[Directions]
Go to the line in the entries below that holds "(4) bekezdésében kapott" and repeat exactly from there through the line that holds "テイクアウトの加賀野菜カレー弁当もあり。660円", inclusive.

Extracted data entries:
· · · ·

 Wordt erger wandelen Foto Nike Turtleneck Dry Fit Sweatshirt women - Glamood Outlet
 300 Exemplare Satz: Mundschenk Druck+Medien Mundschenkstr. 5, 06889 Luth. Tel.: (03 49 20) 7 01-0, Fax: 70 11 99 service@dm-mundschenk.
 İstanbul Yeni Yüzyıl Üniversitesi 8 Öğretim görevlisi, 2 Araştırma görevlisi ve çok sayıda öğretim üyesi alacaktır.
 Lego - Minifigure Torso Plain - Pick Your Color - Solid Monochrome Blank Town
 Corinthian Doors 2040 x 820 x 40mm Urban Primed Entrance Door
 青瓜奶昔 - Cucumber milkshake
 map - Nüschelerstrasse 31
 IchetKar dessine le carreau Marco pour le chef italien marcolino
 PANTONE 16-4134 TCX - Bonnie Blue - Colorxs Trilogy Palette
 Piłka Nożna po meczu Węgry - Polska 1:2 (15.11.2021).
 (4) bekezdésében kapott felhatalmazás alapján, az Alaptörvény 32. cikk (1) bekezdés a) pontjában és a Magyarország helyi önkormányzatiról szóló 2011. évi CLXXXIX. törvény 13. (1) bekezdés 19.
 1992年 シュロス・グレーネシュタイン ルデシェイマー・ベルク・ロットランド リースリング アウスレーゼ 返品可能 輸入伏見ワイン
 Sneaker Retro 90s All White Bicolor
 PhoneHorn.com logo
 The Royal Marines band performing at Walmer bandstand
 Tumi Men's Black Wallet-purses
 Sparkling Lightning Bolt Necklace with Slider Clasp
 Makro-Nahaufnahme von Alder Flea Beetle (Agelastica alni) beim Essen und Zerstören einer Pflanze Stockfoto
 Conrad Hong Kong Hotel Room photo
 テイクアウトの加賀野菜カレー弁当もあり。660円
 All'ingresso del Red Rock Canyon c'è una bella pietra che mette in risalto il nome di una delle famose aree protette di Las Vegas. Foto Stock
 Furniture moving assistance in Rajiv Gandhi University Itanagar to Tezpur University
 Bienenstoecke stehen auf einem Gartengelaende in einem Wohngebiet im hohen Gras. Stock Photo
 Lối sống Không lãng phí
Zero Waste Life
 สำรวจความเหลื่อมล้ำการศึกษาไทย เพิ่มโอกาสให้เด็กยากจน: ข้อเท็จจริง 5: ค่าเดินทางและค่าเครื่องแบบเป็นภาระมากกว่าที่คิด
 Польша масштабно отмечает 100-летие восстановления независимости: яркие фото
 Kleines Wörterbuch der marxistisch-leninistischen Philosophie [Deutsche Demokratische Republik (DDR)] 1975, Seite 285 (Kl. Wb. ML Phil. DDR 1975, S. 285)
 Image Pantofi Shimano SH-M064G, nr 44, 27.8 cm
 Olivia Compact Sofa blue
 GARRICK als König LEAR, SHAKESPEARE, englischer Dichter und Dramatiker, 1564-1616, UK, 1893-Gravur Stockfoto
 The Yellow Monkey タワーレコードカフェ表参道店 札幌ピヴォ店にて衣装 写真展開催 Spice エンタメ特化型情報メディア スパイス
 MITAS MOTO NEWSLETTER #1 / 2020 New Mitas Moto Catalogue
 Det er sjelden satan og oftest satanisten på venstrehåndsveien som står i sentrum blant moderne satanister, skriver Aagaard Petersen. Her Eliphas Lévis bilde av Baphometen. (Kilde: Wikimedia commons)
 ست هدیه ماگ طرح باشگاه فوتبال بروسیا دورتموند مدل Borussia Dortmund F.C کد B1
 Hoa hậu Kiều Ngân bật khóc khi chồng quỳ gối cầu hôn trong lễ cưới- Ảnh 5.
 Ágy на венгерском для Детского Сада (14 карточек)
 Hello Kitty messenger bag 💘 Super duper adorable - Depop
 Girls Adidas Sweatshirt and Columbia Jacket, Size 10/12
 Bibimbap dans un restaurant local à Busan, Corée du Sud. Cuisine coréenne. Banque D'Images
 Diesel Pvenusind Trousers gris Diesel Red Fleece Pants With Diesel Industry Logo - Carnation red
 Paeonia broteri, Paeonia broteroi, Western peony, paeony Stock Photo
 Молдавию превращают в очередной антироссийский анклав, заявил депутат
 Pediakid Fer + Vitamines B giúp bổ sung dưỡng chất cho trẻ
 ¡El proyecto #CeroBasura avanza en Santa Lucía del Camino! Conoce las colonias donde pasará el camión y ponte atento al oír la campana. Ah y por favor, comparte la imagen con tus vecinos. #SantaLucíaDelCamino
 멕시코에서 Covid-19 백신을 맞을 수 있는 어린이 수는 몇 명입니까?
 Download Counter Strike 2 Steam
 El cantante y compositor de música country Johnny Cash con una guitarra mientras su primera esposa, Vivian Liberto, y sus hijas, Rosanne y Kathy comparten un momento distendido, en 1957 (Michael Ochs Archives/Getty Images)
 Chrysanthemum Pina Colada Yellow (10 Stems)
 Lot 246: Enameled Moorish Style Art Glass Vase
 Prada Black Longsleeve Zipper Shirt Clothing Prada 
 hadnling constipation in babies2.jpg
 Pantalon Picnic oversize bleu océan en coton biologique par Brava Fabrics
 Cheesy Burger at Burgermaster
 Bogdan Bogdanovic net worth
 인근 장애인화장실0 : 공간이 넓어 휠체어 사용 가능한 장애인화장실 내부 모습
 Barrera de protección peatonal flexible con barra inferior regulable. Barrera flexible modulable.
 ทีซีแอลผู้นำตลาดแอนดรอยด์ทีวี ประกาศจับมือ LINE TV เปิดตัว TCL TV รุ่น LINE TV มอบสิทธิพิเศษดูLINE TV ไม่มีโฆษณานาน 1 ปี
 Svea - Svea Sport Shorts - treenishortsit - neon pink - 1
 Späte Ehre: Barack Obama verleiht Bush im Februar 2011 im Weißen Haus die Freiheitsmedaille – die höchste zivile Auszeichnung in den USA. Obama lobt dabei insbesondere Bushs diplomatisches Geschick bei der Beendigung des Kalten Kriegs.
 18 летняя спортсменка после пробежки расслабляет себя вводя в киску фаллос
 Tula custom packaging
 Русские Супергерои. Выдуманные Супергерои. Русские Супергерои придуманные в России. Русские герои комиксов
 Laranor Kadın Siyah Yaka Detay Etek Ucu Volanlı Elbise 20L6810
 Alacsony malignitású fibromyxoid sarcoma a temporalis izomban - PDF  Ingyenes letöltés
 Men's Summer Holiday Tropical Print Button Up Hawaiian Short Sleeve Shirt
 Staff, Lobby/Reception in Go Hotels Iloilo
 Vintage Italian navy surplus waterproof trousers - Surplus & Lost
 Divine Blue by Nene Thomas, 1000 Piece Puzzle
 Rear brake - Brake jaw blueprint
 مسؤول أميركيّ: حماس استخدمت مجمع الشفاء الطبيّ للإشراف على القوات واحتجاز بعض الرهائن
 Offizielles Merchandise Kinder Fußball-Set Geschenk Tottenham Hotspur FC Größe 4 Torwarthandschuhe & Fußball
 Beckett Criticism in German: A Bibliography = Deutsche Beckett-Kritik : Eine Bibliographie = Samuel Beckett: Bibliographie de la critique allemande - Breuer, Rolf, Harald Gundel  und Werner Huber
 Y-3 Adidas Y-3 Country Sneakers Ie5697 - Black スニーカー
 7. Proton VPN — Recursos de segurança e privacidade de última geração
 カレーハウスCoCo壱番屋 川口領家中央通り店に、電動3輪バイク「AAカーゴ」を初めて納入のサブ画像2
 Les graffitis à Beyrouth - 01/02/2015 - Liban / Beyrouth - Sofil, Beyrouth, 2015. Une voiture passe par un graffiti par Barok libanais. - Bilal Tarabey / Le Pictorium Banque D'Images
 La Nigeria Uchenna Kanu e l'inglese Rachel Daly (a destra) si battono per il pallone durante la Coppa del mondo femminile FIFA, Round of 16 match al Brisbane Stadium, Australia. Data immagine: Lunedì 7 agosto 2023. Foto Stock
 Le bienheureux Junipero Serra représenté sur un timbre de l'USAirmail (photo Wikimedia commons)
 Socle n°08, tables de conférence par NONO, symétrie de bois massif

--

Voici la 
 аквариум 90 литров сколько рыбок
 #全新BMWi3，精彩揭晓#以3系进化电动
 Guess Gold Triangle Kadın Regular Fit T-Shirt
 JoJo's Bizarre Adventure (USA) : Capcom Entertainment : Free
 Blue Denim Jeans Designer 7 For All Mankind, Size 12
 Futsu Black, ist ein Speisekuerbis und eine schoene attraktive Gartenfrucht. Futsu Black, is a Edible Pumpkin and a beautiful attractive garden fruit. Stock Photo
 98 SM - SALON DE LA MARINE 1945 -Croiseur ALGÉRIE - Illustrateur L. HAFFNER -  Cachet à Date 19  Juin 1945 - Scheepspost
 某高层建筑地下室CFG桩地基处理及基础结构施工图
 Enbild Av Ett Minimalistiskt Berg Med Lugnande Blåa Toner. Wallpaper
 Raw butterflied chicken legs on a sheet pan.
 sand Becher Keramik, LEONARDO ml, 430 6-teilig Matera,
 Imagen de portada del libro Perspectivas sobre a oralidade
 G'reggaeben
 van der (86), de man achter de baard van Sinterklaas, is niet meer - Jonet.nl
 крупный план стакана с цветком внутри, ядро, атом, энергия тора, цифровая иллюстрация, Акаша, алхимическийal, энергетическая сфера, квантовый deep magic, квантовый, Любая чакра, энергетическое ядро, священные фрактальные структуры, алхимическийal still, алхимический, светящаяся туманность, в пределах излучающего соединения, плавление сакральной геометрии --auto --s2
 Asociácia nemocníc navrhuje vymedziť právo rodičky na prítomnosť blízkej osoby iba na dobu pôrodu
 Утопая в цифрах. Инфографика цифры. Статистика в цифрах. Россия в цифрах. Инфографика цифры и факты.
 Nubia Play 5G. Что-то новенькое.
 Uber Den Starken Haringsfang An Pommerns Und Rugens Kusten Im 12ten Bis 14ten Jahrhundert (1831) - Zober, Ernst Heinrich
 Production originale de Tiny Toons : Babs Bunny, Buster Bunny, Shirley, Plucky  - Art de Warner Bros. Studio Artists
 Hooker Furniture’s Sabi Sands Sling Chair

· · · ·

[Output]
 (4) bekezdésében kapott felhatalmazás alapján, az Alaptörvény 32. cikk (1) bekezdés a) pontjában és a Magyarország helyi önkormányzatiról szóló 2011. évi CLXXXIX. törvény 13. (1) bekezdés 19.
 1992年 シュロス・グレーネシュタイン ルデシェイマー・ベルク・ロットランド リースリング アウスレーゼ 返品可能 輸入伏見ワイン
 Sneaker Retro 90s All White Bicolor
 PhoneHorn.com logo
 The Royal Marines band performing at Walmer bandstand
 Tumi Men's Black Wallet-purses
 Sparkling Lightning Bolt Necklace with Slider Clasp
 Makro-Nahaufnahme von Alder Flea Beetle (Agelastica alni) beim Essen und Zerstören einer Pflanze Stockfoto
 Conrad Hong Kong Hotel Room photo
 テイクアウトの加賀野菜カレー弁当もあり。660円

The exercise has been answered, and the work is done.